Crime & Courts

Murder of Siti Masitah: Pekan police made mistake in not sending out Nur Alert - Bukit Aman

KUALA LUMPUR: Pekan police were wrong not to activate the National Urgent Response (Nur) Alert when 11-year-old Siti Masitah Ibrahim, whose body was found recently, was first reported missing almost two weeks ago.

Federal Sexual, Women and Children’s Investigation Division principle assistant director Assistant Commissioner Choo Lily said the Nur Alert, which was created to disseminate information to the public when a child under the age of 12 goes missing, was for all children, irrespective of whether they were Malaysians or foreigners.

She said, by right, on the day the police received the report from the victim’s parents, the Nur Alert should have been blasted out through the system with the child’s brief description and a latest photograph.

“It seems like there was a mistake on the side of the officer who wrongly assumed that Nur Alert was only applicable to Malaysian children. There is no such thing. We have blasted the Nur Alert for children without documentation who were reported missing in the past.

“As long as a child aged 12 or below is reported missing within Malaysia and once police have confirmed that the missing child’s life is not at risk due to the alerts, we will send out the alerts.

“When we say risk, it means once we have ruled out that there are possible criminal elements such as kidnap-and-ransom demand, or any possibility of the child being endangered due to the alert, it should have been sent.

“However, this only can be done with the consent of the child’s parents,” she said when asked to clarify on why the Nur Alert was not used in the case of 11-year-old Siti Masitah in Pekan.

Siti Masitah, who is of Cambodian parentage, was reported missing by her mother on Jan 30 after she failed to return home from a trip to a grocery store.

On Sunday, after 10 days, her decomposed body was found in an oil palm estate not far from her house.
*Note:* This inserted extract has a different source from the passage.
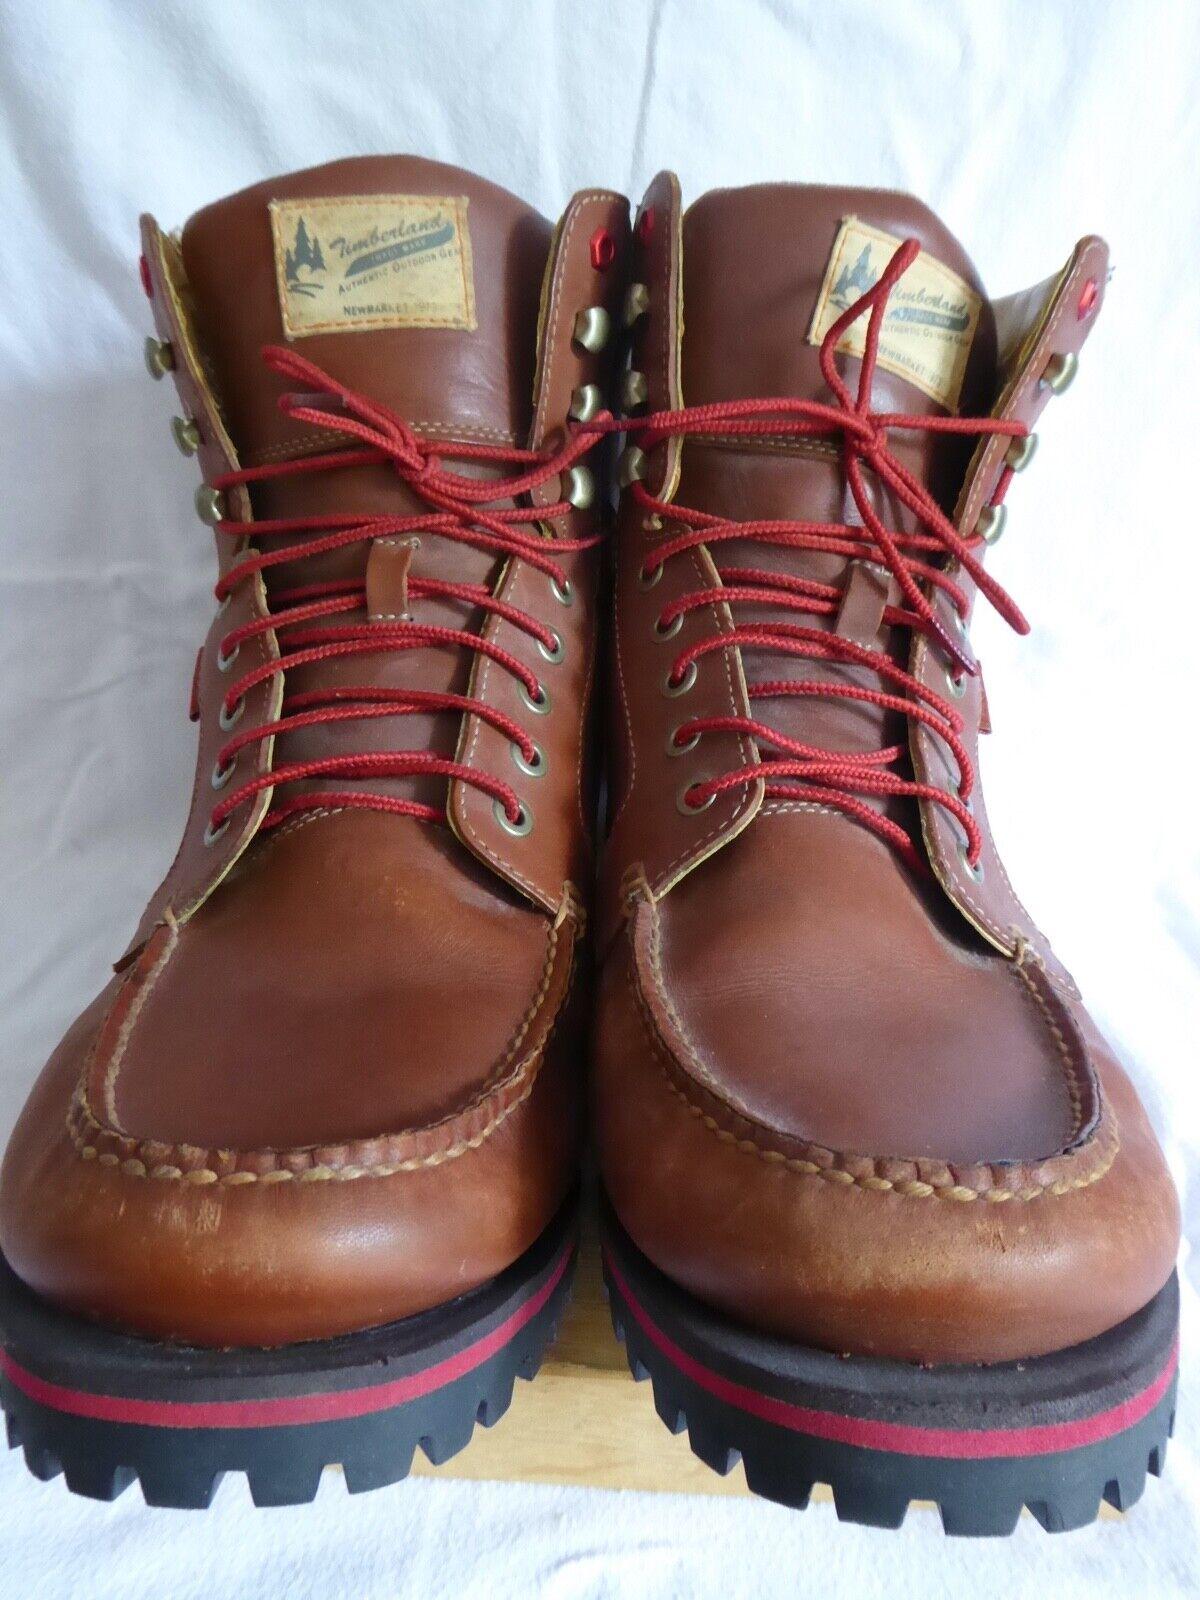 Timberland UK14.5 RRP EUC brown leather chukka boot - rare and unusual

Pekan police chief Superintendent Amran Sidek was reported as confirming the gruesome finding and had said that no Nur Alert was sent out because the victim was an undocumented foreigner, as were her parents.

Asked how the system worked and how effective it was, Choo said the response has been positive although the last time the system sent out a missing child alert was in December last year.
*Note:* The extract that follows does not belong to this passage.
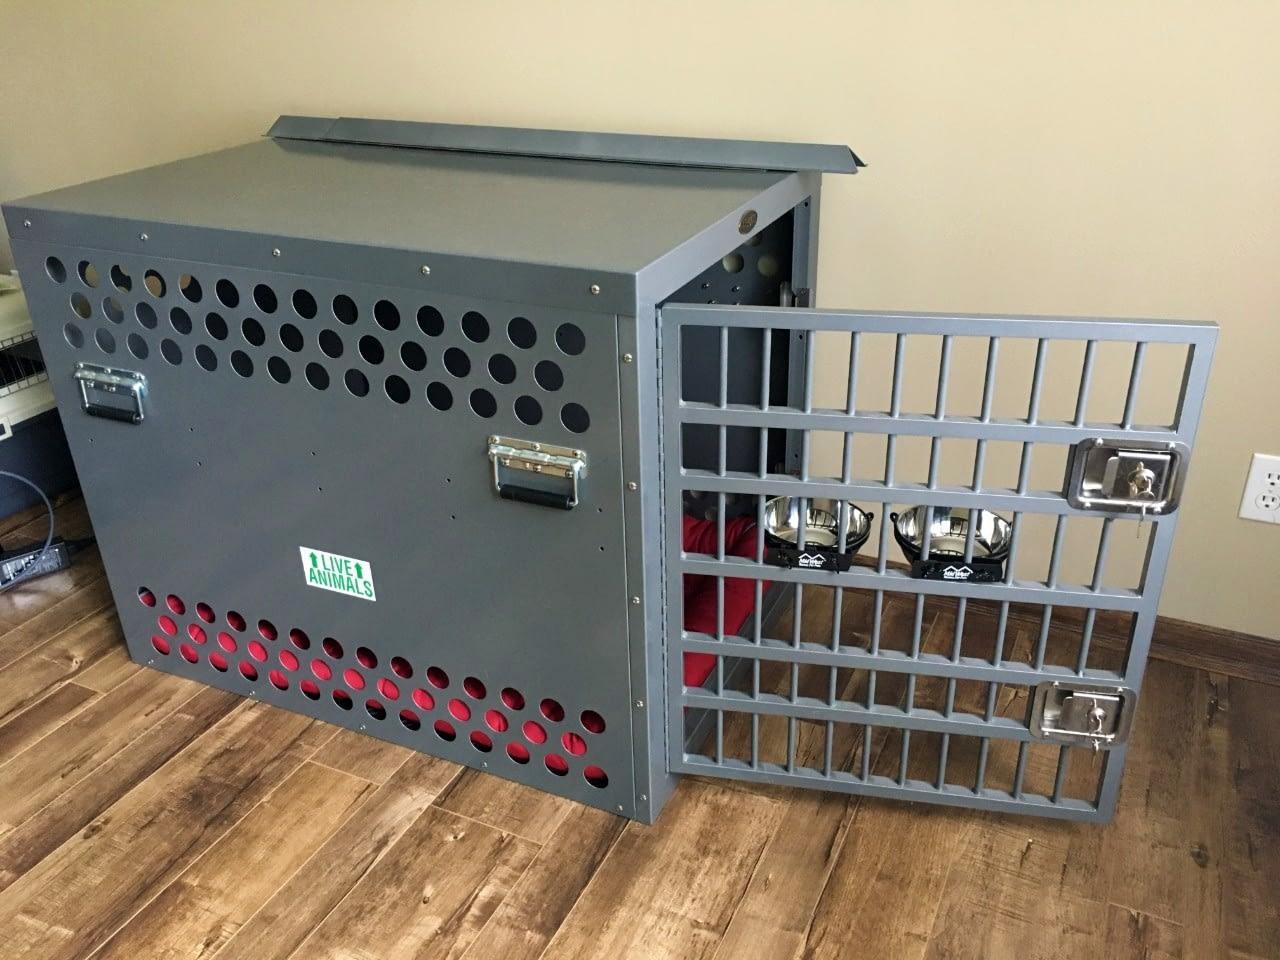 IATA-CR82 crate

“The Nur Alert is linked to 38 organisations and agencies. Among these are all the telecommunication service providers, public announcement channels, Banks Association, Malaysia Airport Bhd, Facebook and NGOs.”

Meanwhile, Deputy Women, Family and Community Development Minister Hannah Yeoh said everyone, mainly parents, should pay more attention to their children’s whereabouts.
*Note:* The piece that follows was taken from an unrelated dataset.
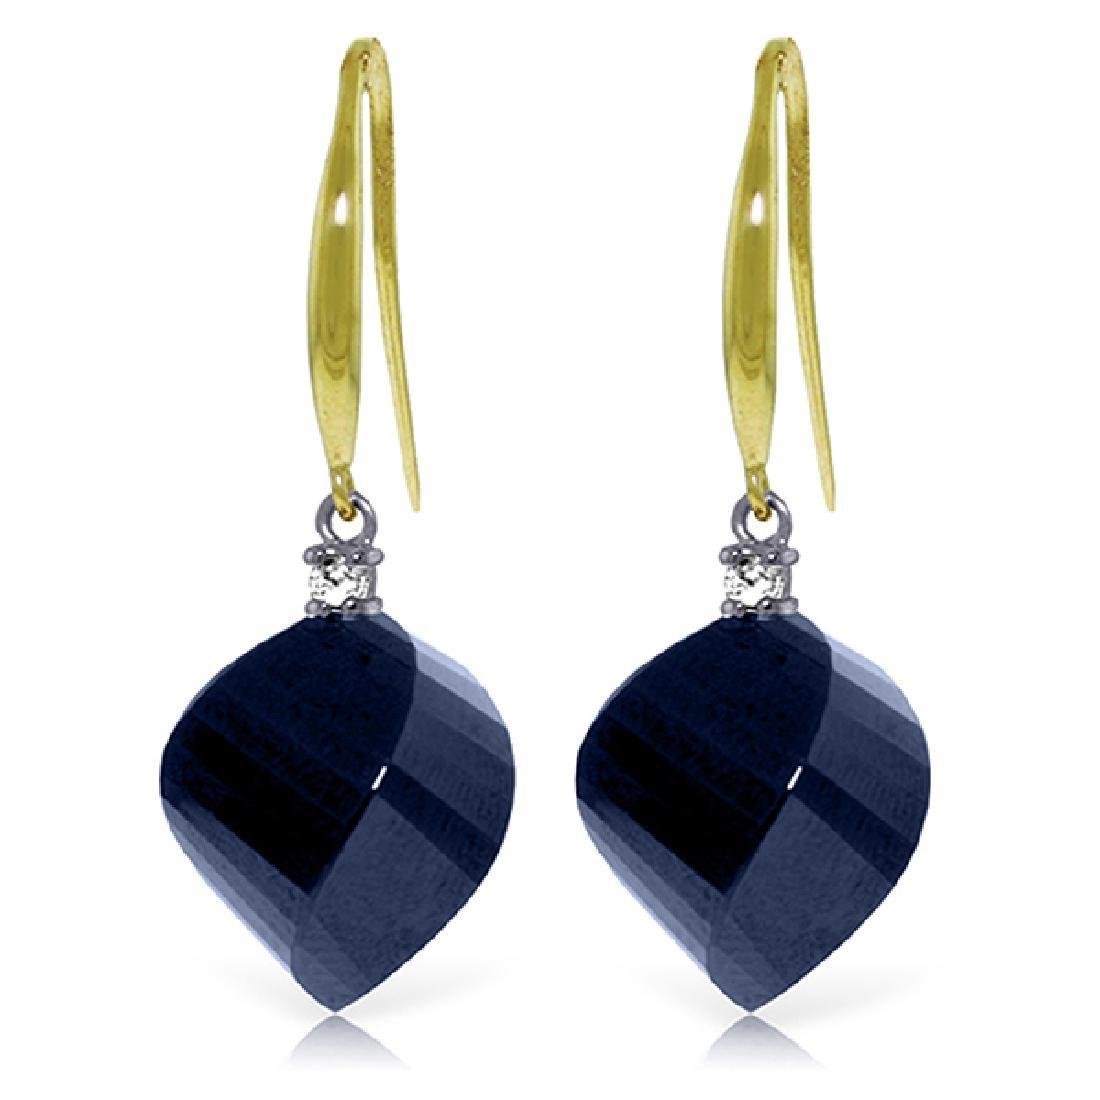 Genuine 30.6 ctw Sapphire & Diamond Earrings Jewelry

“It is very important to know where and who they go out with. On top of taking extra interest in a child activities, good communication is also vital to ensure a child is always safe,” she told the New Straits Times.

Yeoh had earlier tweeted that the Nur Alert was applicable for all children, regardless of nationality.

“Nur Alert is for all children (under the age of 12) reported missing regardless of documentation,” she wrote, clearing the air on the statement from police in Pekan.

Nur Alert, an official emergency alert system to enlist the public’s help in locating missing children, was initially known as Nurin (Nationwide Urgent Response Information Network) Alert.

This was named, in part, in remembrance of 8-year-old Nurin Jazlin Jazimin, who went missing in August 2007 and later found brutally murdered.

It had been modeled after the Amber Alert in the United States, named after nine-year-old Amber Hagerman who was abducted and murdered in Arlington, Texas in 1996.

The Amber alert's official acronym (or backcronym in this case) is America’s Missing: Broadcast Emergency Response.